И вот Мигачев стоял перед Волгиным и внимательно изучал его взглядом. Вернее, это Волгин стоял перед Мигачевым и чувствовал себя не слишком уютно, хотя и пытался скрыть свое состояние.

– Товарищ полковник, разрешите доложить. Капитан Волгин прибыл в ваше распоряжение.

Мигачев еще несколько секунд буравил нового подчиненного глазами и не сразу откликнулся.

– Вольно, – наконец-то распорядился он и направился к рабочему столу. – Так это ты к нам просился? Мне сказали, всех замучил. Что, в Берлине тяжела была служба?

– Никак нет. Служба везде одинаковая.

– Переводчик?

– Так точно.

– Языки?

– Немецкий. Английский. – Волгин подумал и прибавил, пряча улыбку: – И русский немного.

– Шутник? – неприязненно поинтересовался полковник. – Мне обещали боевого офицера, а не артиста погорелого театра.

– Три года на передовой. Войсковая разведка.

– Разведка – это хорошо. – Мигачев взял со стола пачку фотографий и сунул в ящик стола. Волгин понял, что эти действия – лишь способ уйти от прямого контакта. Полковник прощупывал его, но делал это неприметно. Оценивал. – Слыхал, ты был один из лучших в дивизии? Ну, посмотрим.

Он уселся за стол и уткнулся в бумаги.

– Обустраивайся пока, разведка, и жди дальнейших распоряжений. Свободен!

– Товарищ полковник, разрешите по личному вопросу?

Мигачев поднял глаза и в упор уставился на собеседника.

– Я ищу человека, – Волгин предпочел не тянуть и принять молчание полковника за разрешение продолжить разговор. – Рядовой Николай Волгин. Это мой брат. Он где-то здесь, в Нюрнберге…

– Зайцев! – перебил Мигачев. Из-за стеллажа вновь высунулся круглолицый лейтенант. – Рядовой Волгин – знаешь такого?

– Никак нет! – браво отрапортовал Зайцев.

– Ну, если Зайцев не знает, то никто не знает, – резюмировал полковник, разведя руками. Лейтенант против воли разулыбался такому комплименту. Улыбка у него и впрямь была замечательная – открытая и сразу располагавшая к себе.

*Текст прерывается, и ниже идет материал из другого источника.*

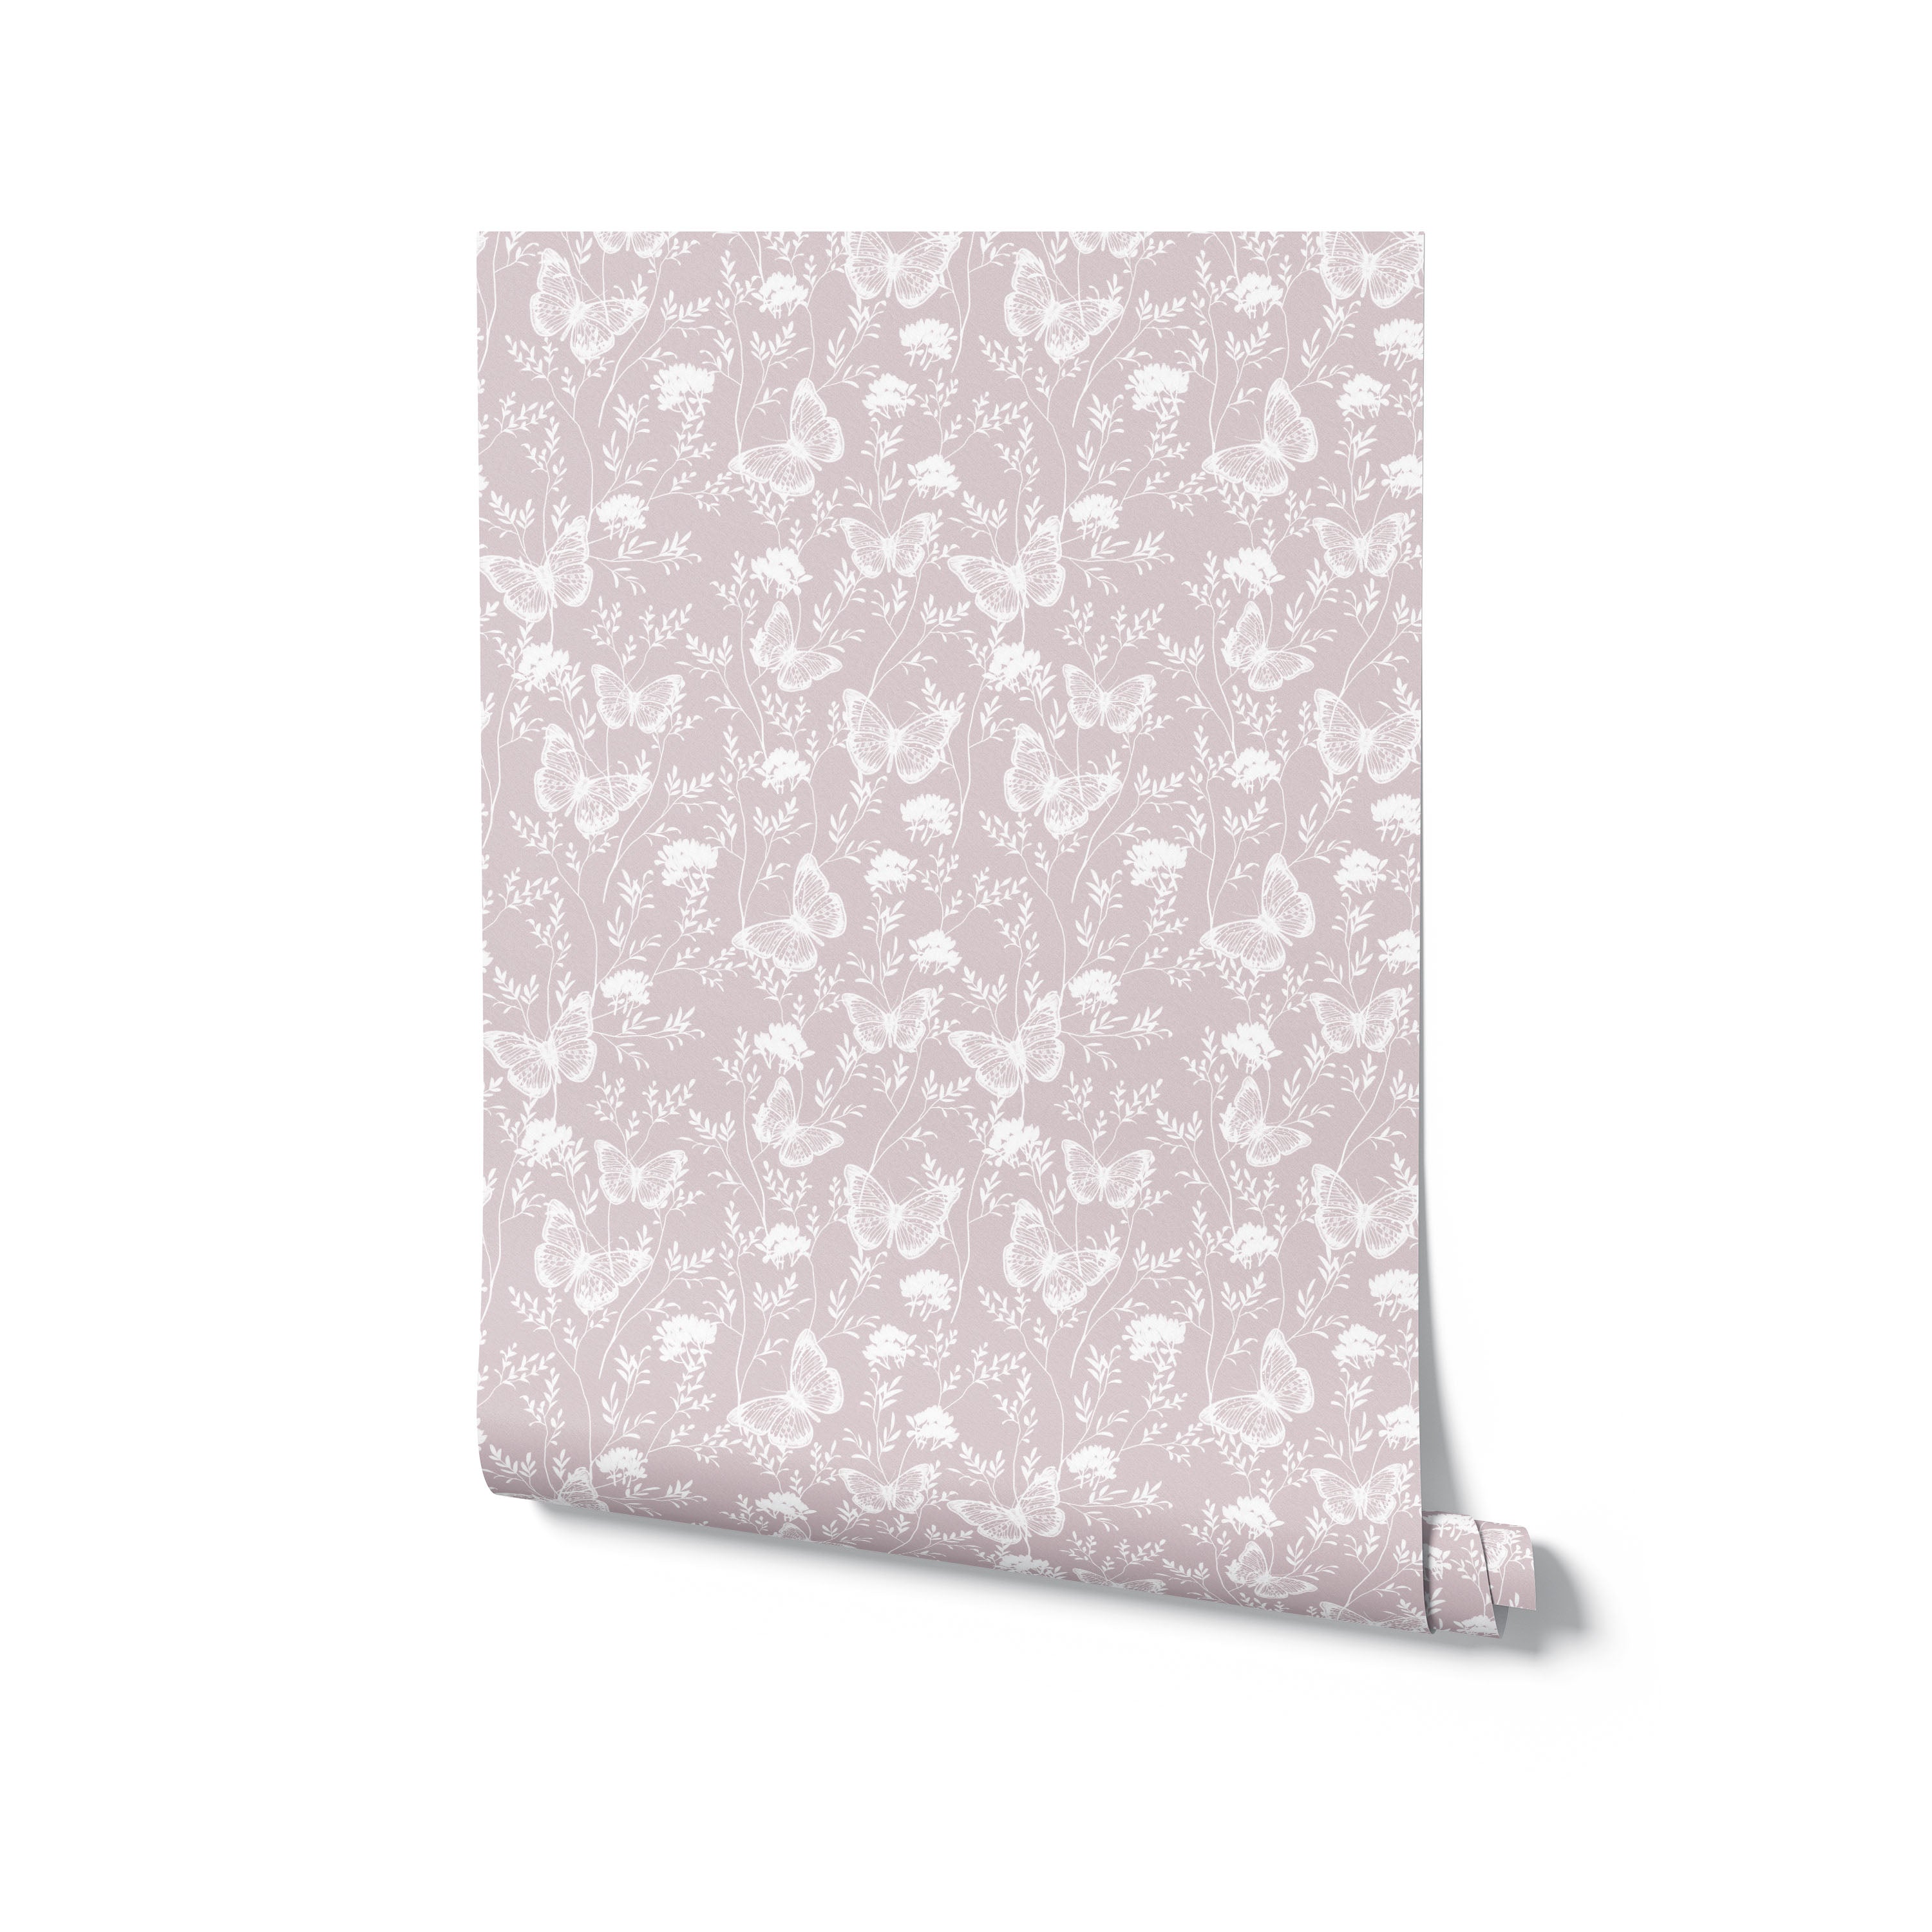 a roll of the "Whimsical Wings Wallpaper," partially unrolled to reveal the charming butterfly and floral pattern on a mauve-pink background. This image showcases the wallpaper's pattern continuity and the romantic, soft ambiance it's designed to create.

Волгин задумался на мгновение, потом произнес:

– А где можно справиться?..

– Вот что, капитан, – резко перебил его Мигачев, – у нас тут, вообще-то, важные дела. Вон в тюрьме высшие чины гитлеровской Германии, на носу крупнейший международный военный трибунал, и он уже на грани срыва. Гитлеровское подполье активизировалось, а мы с союзниками никак договориться не можем, как видишь…

В кабинет, растолкав солдат, вбежала запыхавшаяся темноволосая девушка в гимнастерке. Миловидное лицо ее было бледным, она растерянно шевелила губами. По выражению лица девушки можно было определить, что произошло нечто неординарное.

– Что такое, Маша? – спросил Мигачев.

– Товарищ полковник!.. Там, в тюрьме…

– Что в тюрьме?

– Лей повесился! Прямо в своей камере!..

В кабинете повисла тишина.

– Вот тебе и начало трибунала! – наконец произнес Мигачев и с досадой хлопнул по столу ладонью.

Клерки, осторожно выглянувшие в окно, увидели, что во дворе тюрьмы, примыкавшей с тыльной стороны к зданию Дворца правосудия, уже царила суматоха: бегали солдаты и офицеры, а также люди в белых халатах.

8. Разговор с тенью

Такого, конечно, никто не ожидал.

В нюрнбергской тюрьме, построенной по пенсильванскому принципу – четыре здания, сходящиеся торцами к единому центру и оттого сверху напоминающие цветок, они отлично просматривались с основного поста, мышь не прошмыгнет, а возле камер топтались солдаты, поставленные присматривать за каждым заключенным, – чрезвычайные происшествия были чем-то из ряда вон выходящим.

Комендант тюрьмы Эндрюс был вне себя. Заключенный Лей повесился практически среди бела дня, чуть ли не на глазах у охраны.

Перепуганный рядовой заплетающимся языком рассказывал о том, что все время заглядывал в камеру через смотровое окно. Лей лежал на кровати, ходил по комнате; да, казался более чем обычно потерянным, но предположить, что он собирается покончить с собой, было невозможно.

Заключенный приспустил штаны и уселся на унитаз, находившийся в углу, возле двери, и охранник посчитал за благо деликатно отвернуться.

Пару минут спустя он заглянул вновь. Лей по-прежнему восседал на стульчаке без движения.

Охранник позвал его. Никакой реакции.

Тогда солдат вошел внутрь и обнаружил, что рейхсляйтер сидит с выпученными глазами и вываленным наружу синим языком. Горло его стягивала удавка, сделанная из полотенца и накинутая на сливную трубу унитаза.

Он был мертв.

Прибежавший на крики врач пытался вернуть заключенного к жизни, делал непрямой массаж сердца и искусственное дыхание, но все было безрезультатно.